# TASK ITEM
Below, find the line containing "Sweet colorful treat"; from there to the final line, print every line exactly and skip the pictures.

# DATASET CONTENT
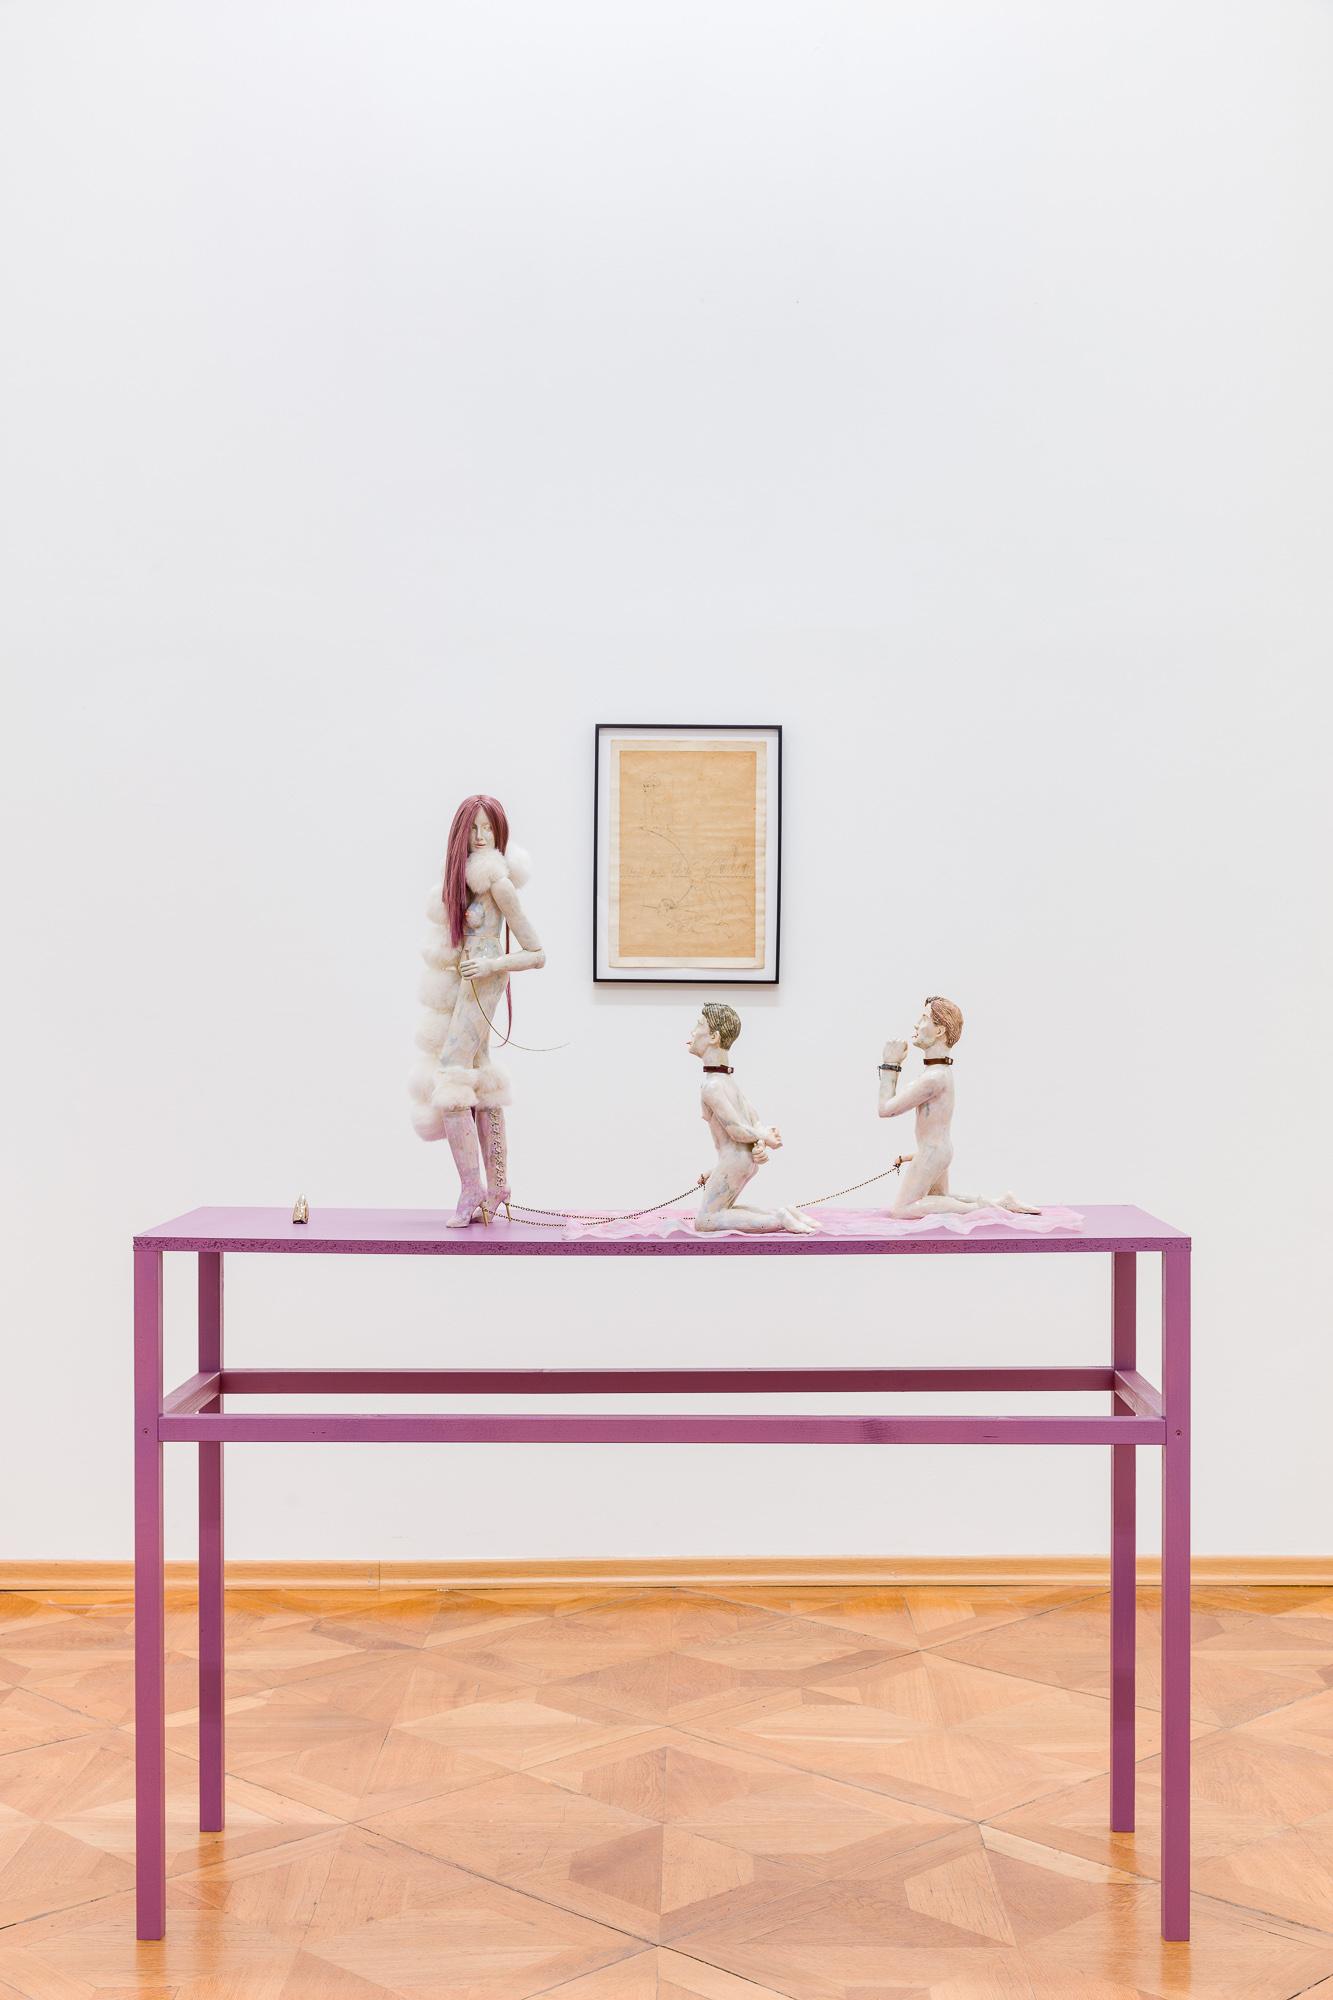 2018_11_22_Zoe Barcza & Soshiro Matsubara at Croy Nielsen by kunstdokumentationcom_002_web.jpg
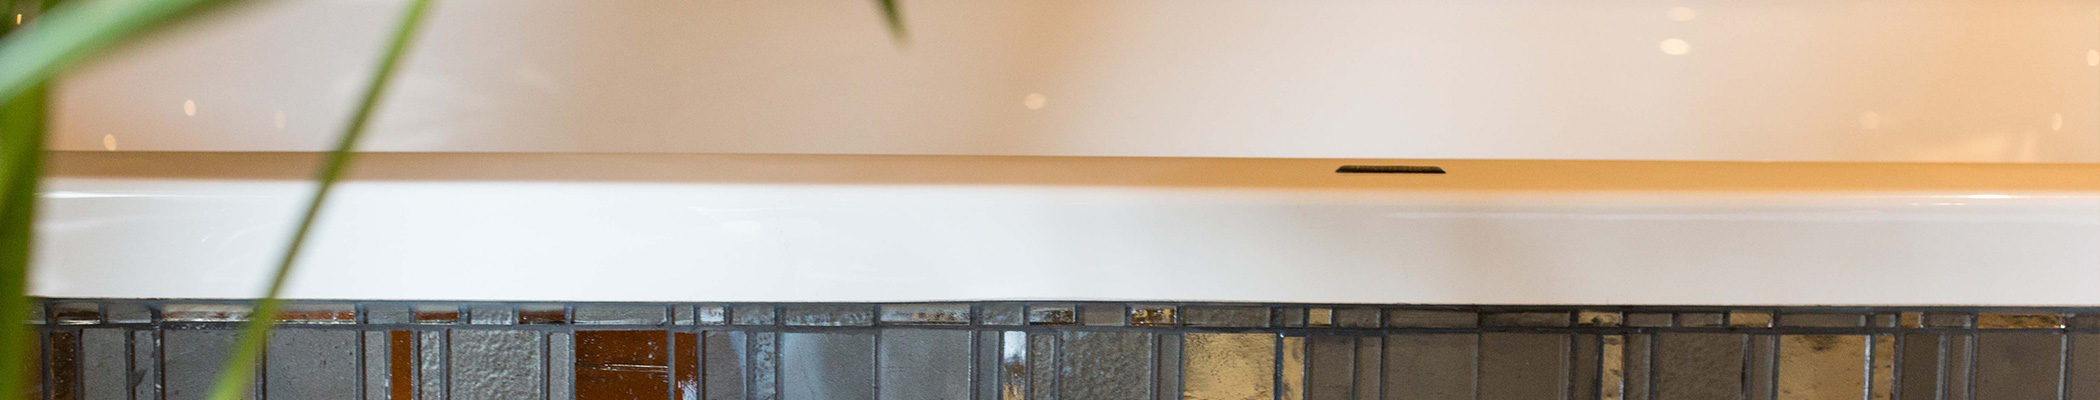 boutique-hotel-zaandam-manzo-badkamer-detail-tegel-plant
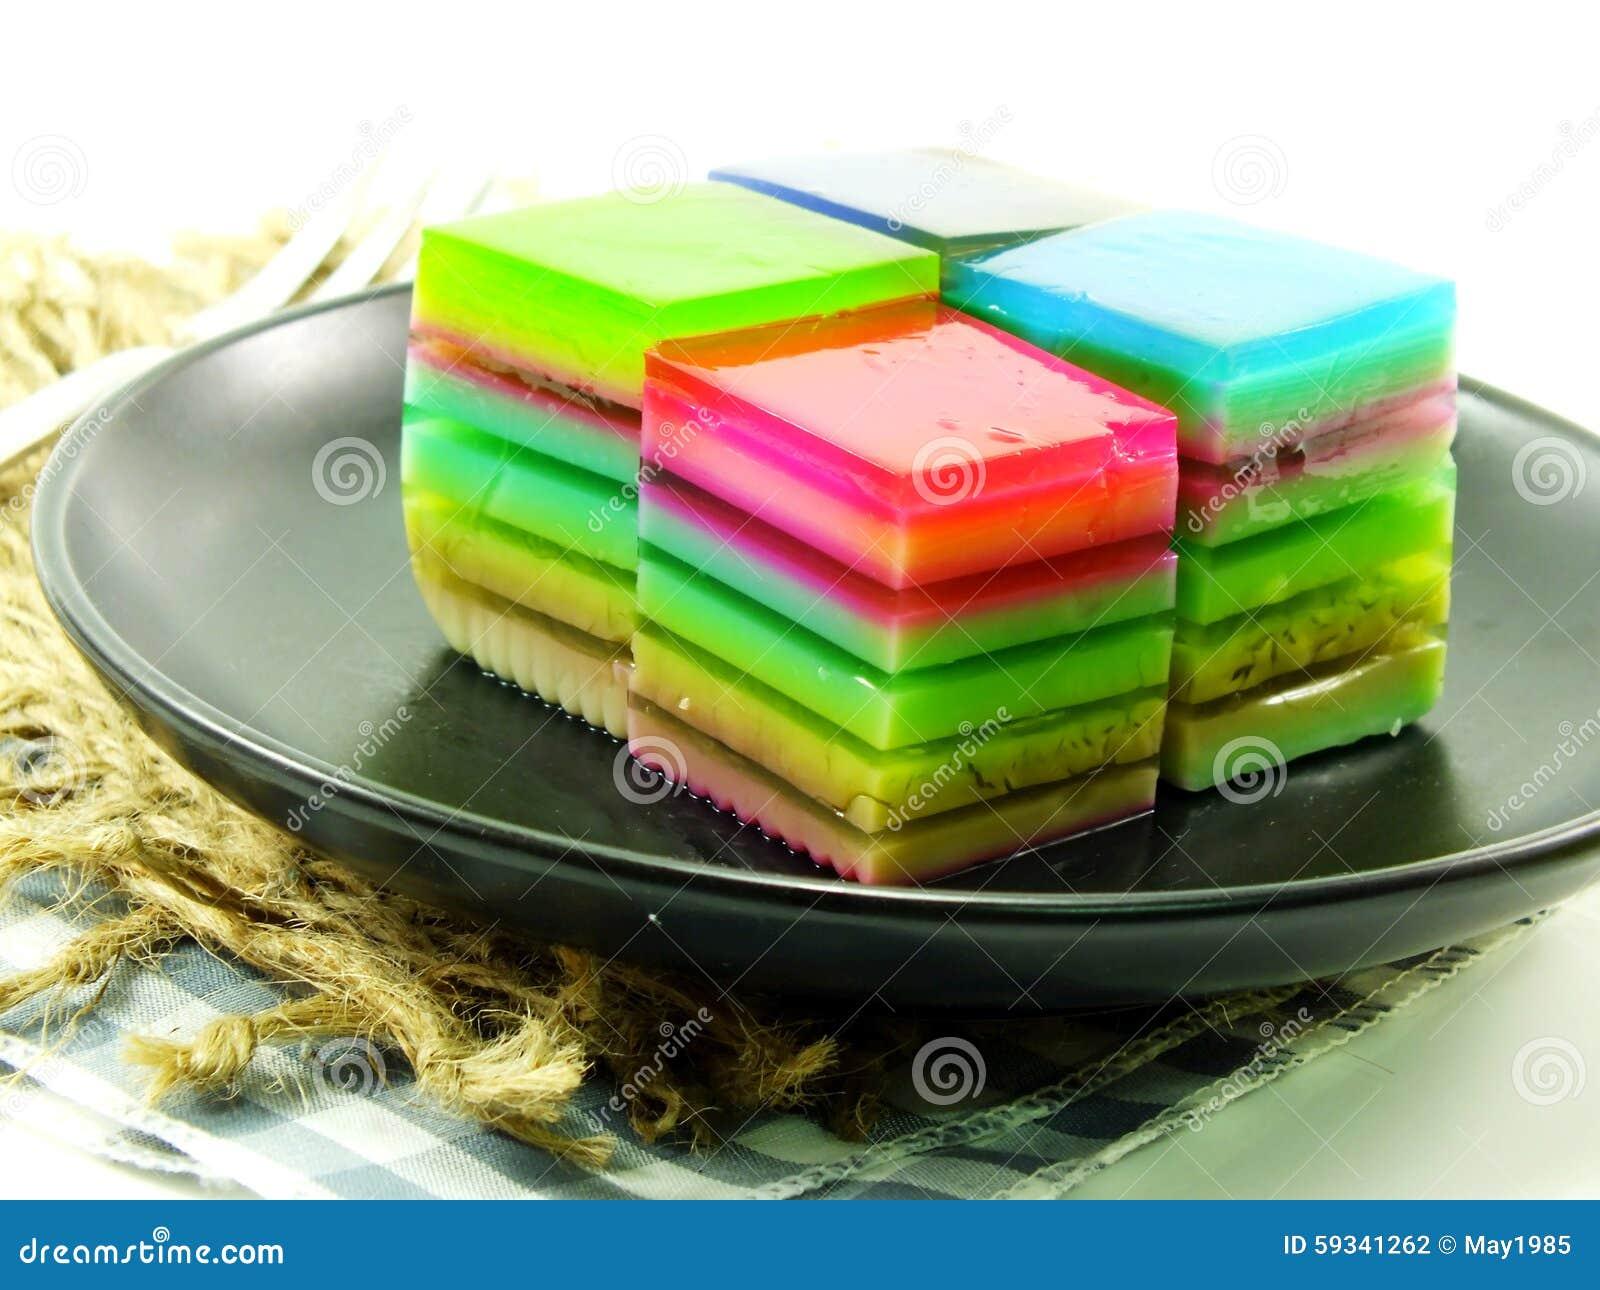 Sweet colorful treat of rainbow layered gelatin dessert
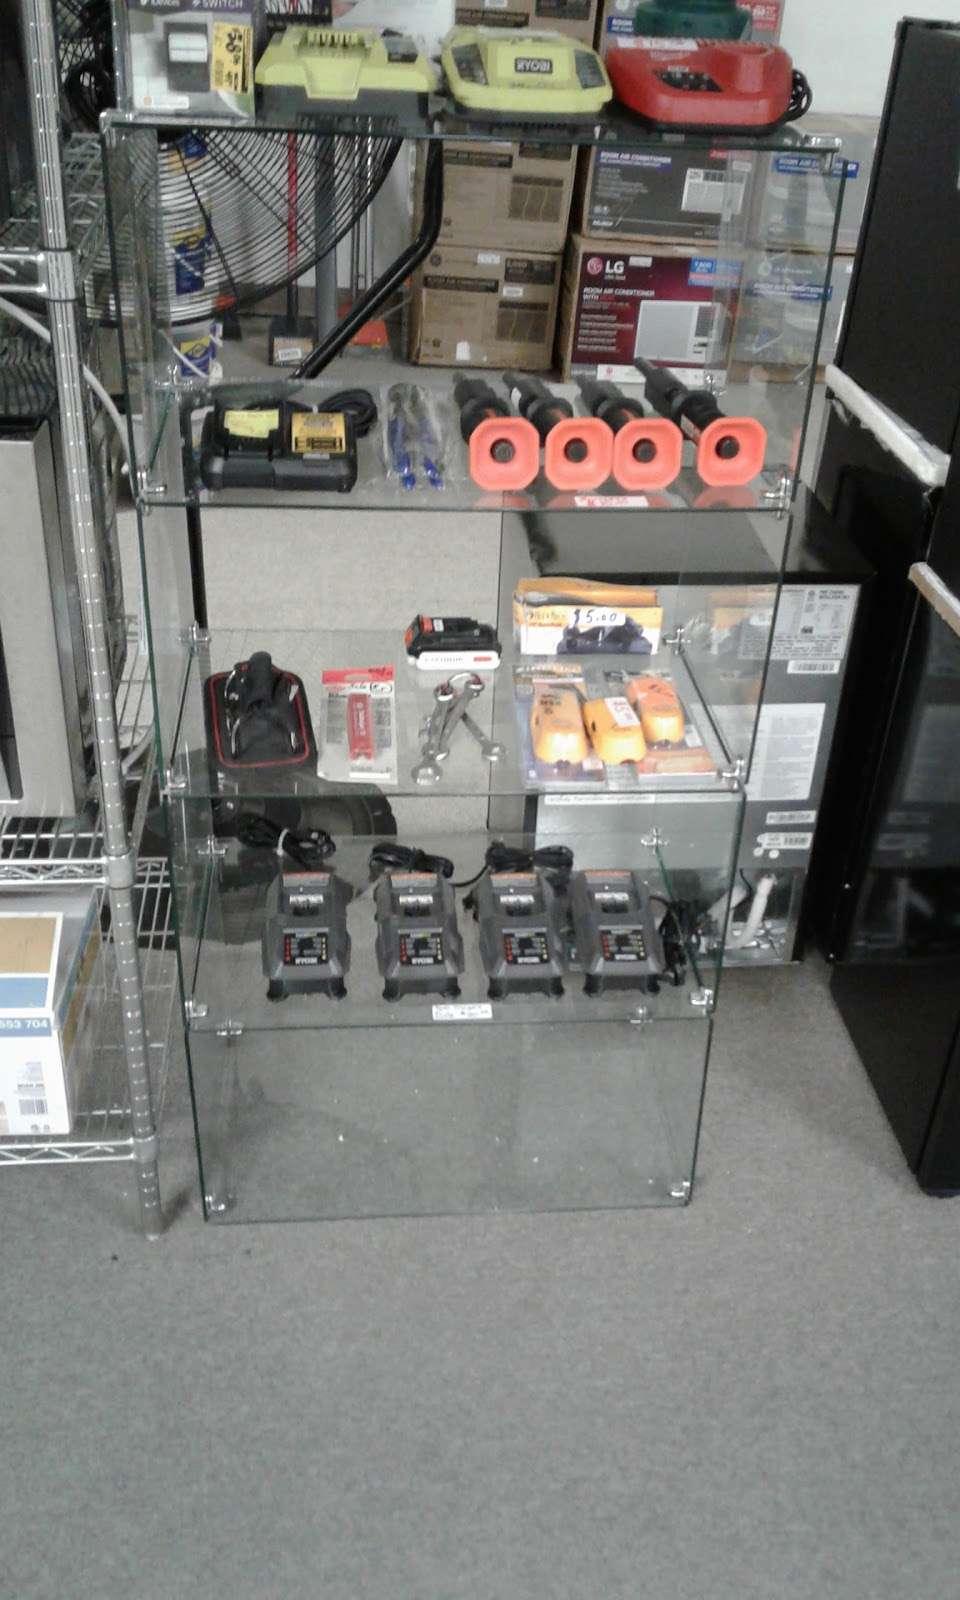 Half Price Hardware - hardware store  | Photo 7 of 10 | Address: 520 Main St, Delta, PA 17314, USA | Phone: (443) 528-8543

# SOLUTION
 Sweet colorful treat of rainbow layered gelatin dessert
 Half Price Hardware - hardware store  | Photo 7 of 10 | Address: 520 Main St, Delta, PA 17314, USA | Phone: (443) 528-8543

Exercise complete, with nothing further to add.